What number do you think was the correct guess at two-thirds of the average? Let’s explore the reasoning behind this. This game operates under a concept known in game theory as common knowledge. This means every player has the same information, and they all know that everyone else has this information too, creating an infinite loop of shared understanding.
If everyone guessed 100, the highest possible average would be 100, making two-thirds of that approximately 66.66. Knowing this, it wouldn’t be logical to guess higher than 67. If everyone reaches this conclusion, no one would guess above 67. Consequently, 67 becomes the new highest possible average, and two-thirds of that is 44.
This reasoning can be extended further, continually reducing the highest logical guess. Eventually, it seems reasonable to guess the lowest number possible. If everyone chose zero, the game would reach a Nash Equilibrium. This is a situation where each player has chosen the best strategy for themselves, given the strategies of others, and no one can benefit by changing their choice.

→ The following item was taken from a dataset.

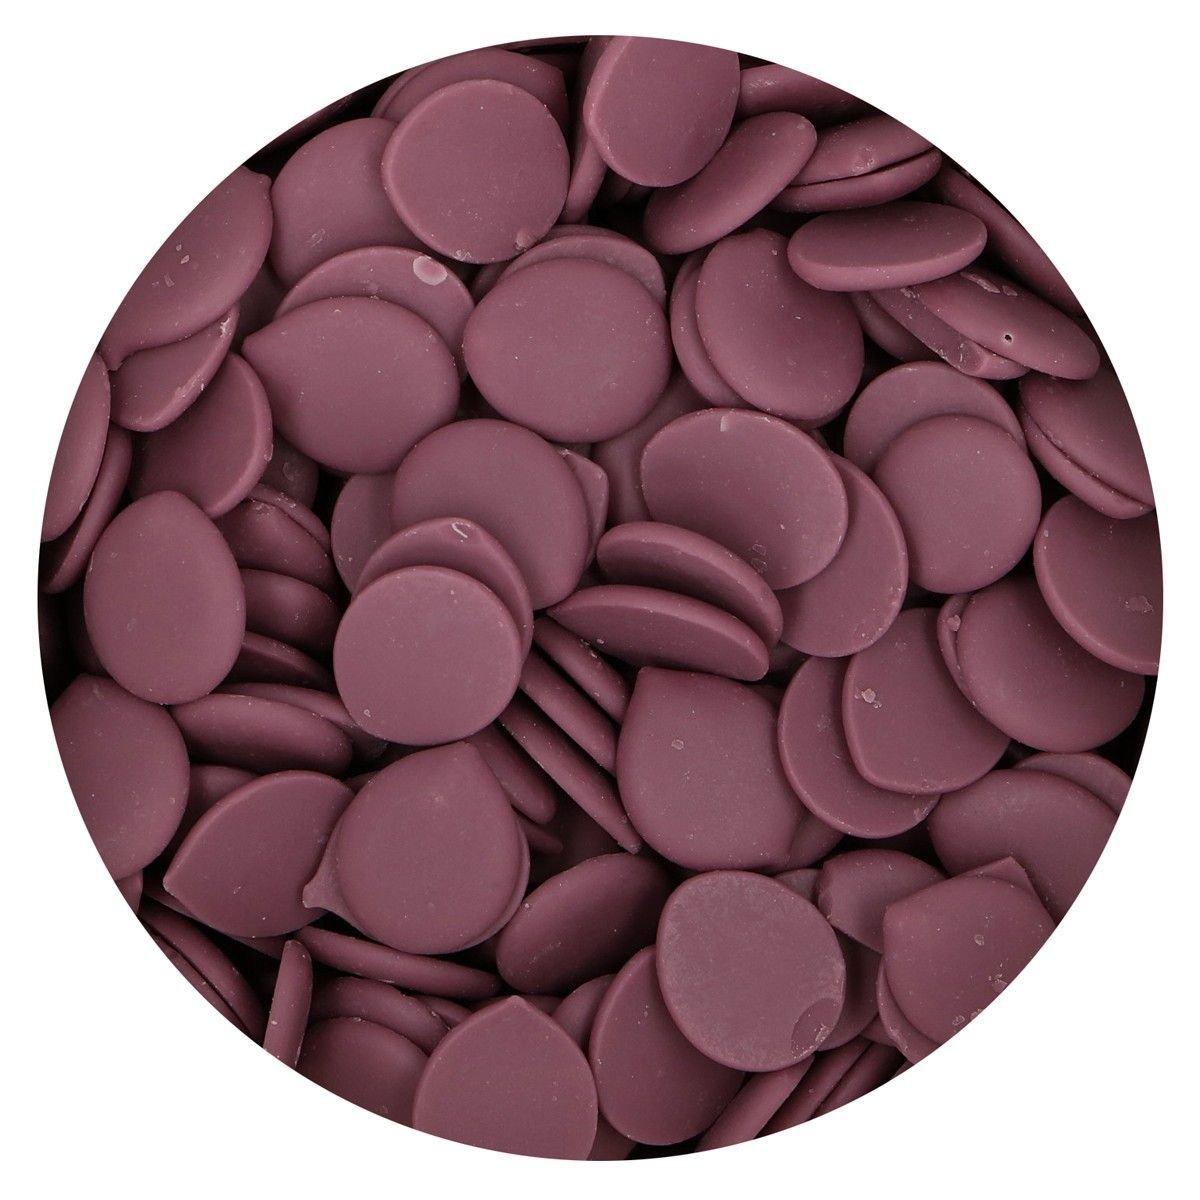 Funcakes - Deco Melts Purple (Natural Colouring) 250g - Κουβερτούρα Μωβ - 250γρ
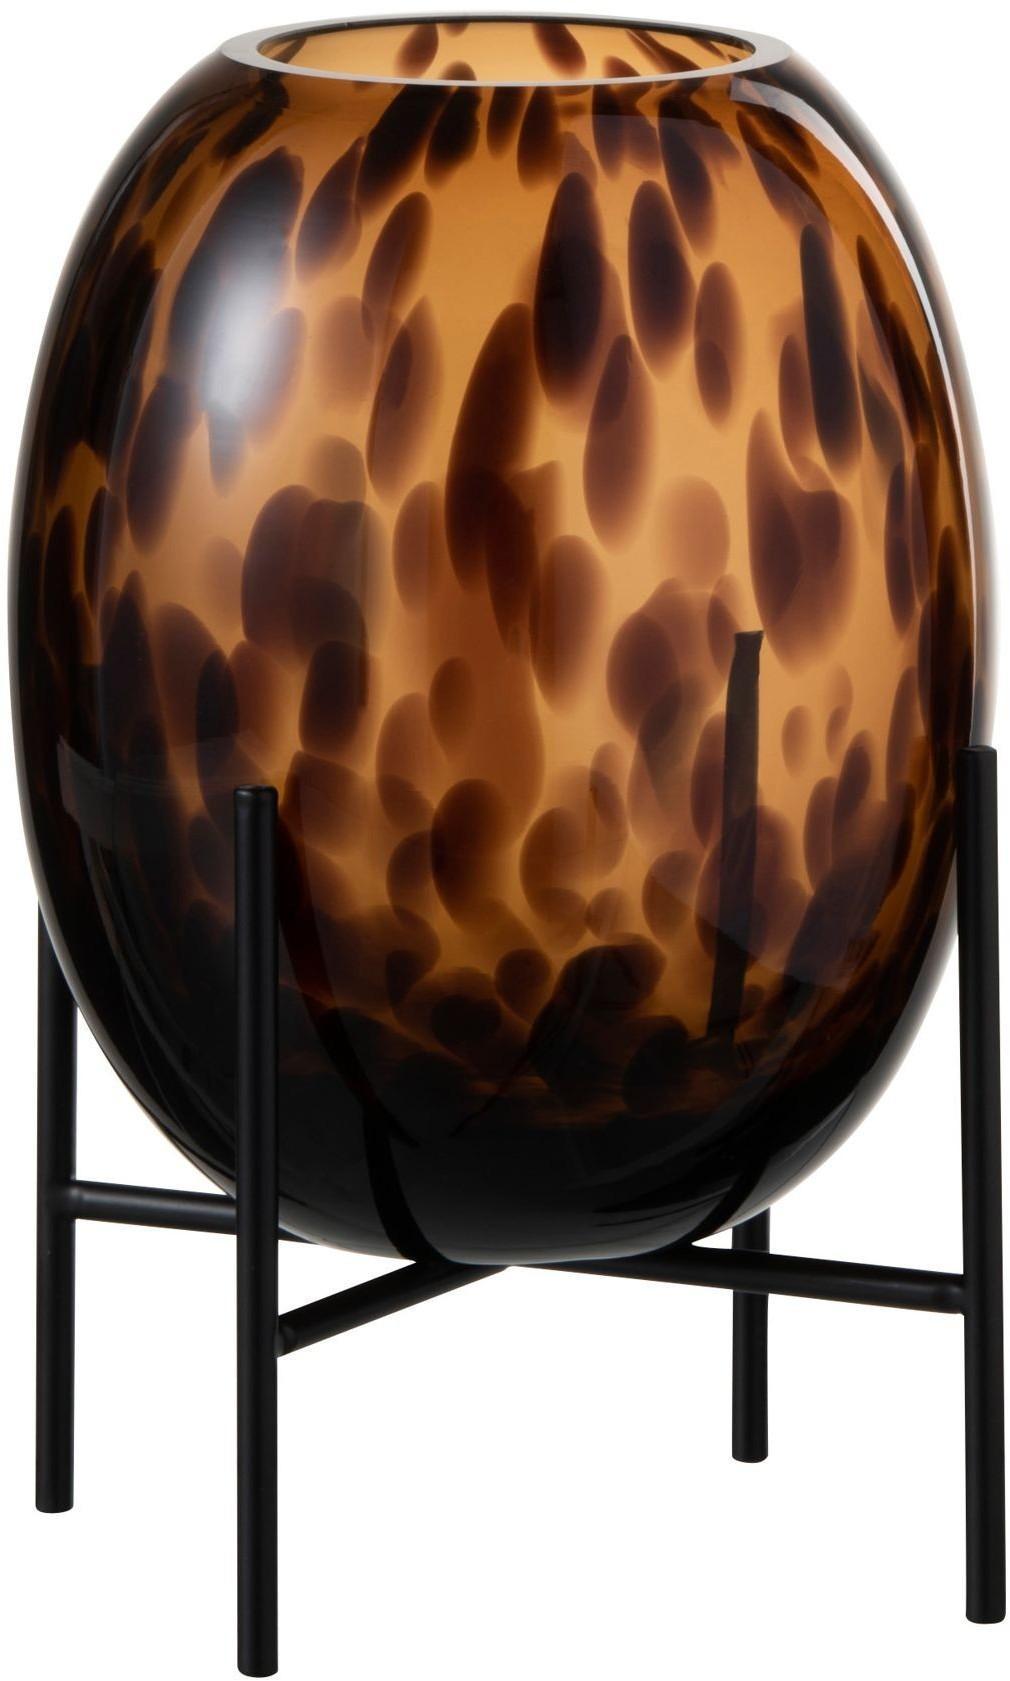 Sklenená hnedo - čierna dekoračné váza Speck na podstavci - Ø 23 * 12cm

However, real-world outcomes differ. People may not be perfectly rational or may not expect others to be. When this game is played in real settings, the average guess often falls between 20 and 35. For example, a Danish newspaper conducted this game with over 19,000 participants, resulting in an average of about 22, making the correct answer 14. In our community, the average was 31.3, so if you guessed 21, you were spot on.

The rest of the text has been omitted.